Exercise brief » Transcribe the data below exactly, but only from the line containing "Key to fig." through its final line, both included.

Input data »
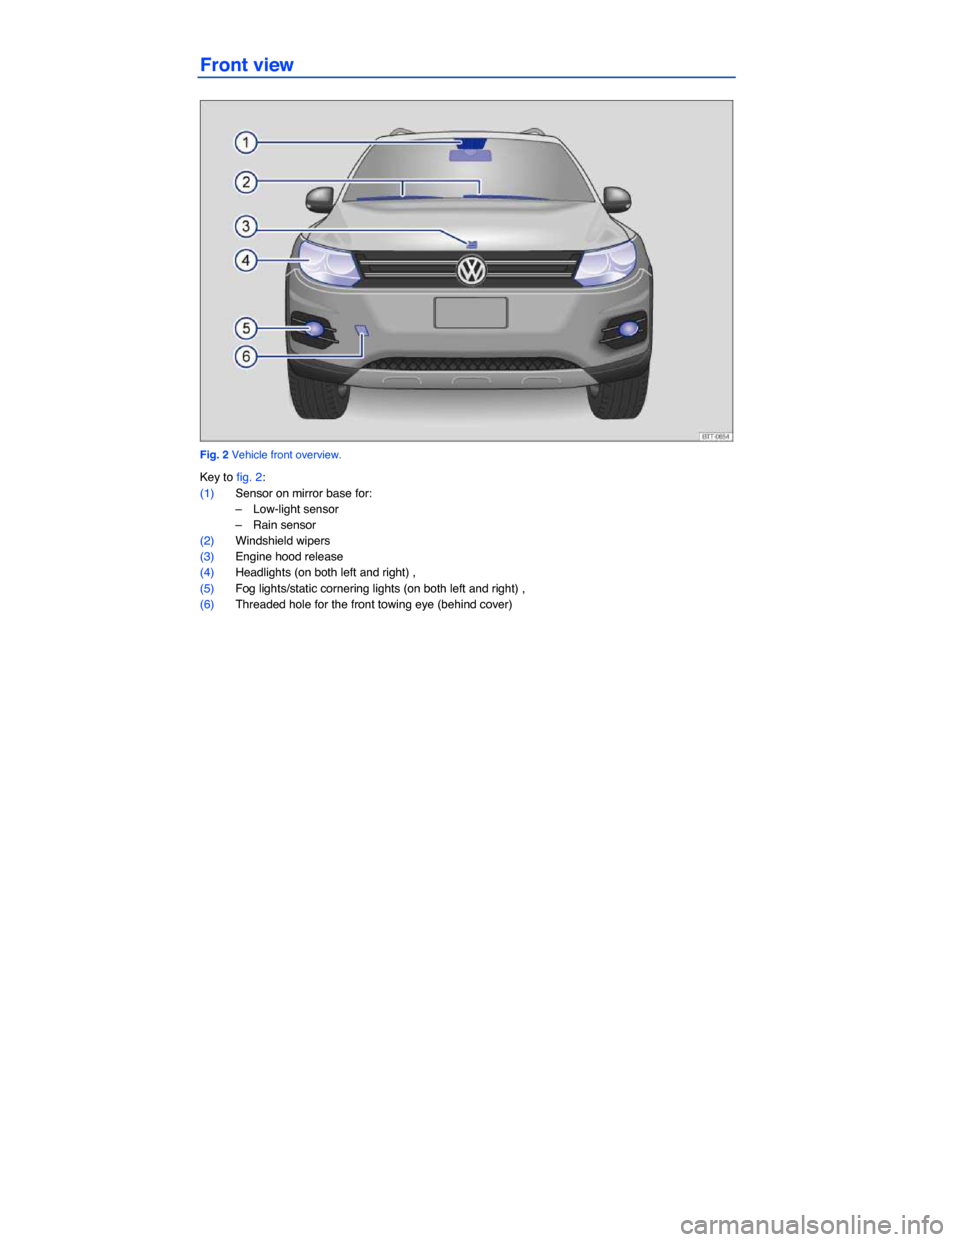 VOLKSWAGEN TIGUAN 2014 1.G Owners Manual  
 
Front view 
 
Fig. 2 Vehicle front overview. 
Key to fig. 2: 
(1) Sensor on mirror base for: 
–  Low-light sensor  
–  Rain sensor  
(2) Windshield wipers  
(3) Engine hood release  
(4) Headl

Reply to the exercise »
Key to fig. 2: 
(1) Sensor on mirror base for: 
–  Low-light sensor  
–  Rain sensor  
(2) Windshield wipers  
(3) Engine hood release  
(4) Headl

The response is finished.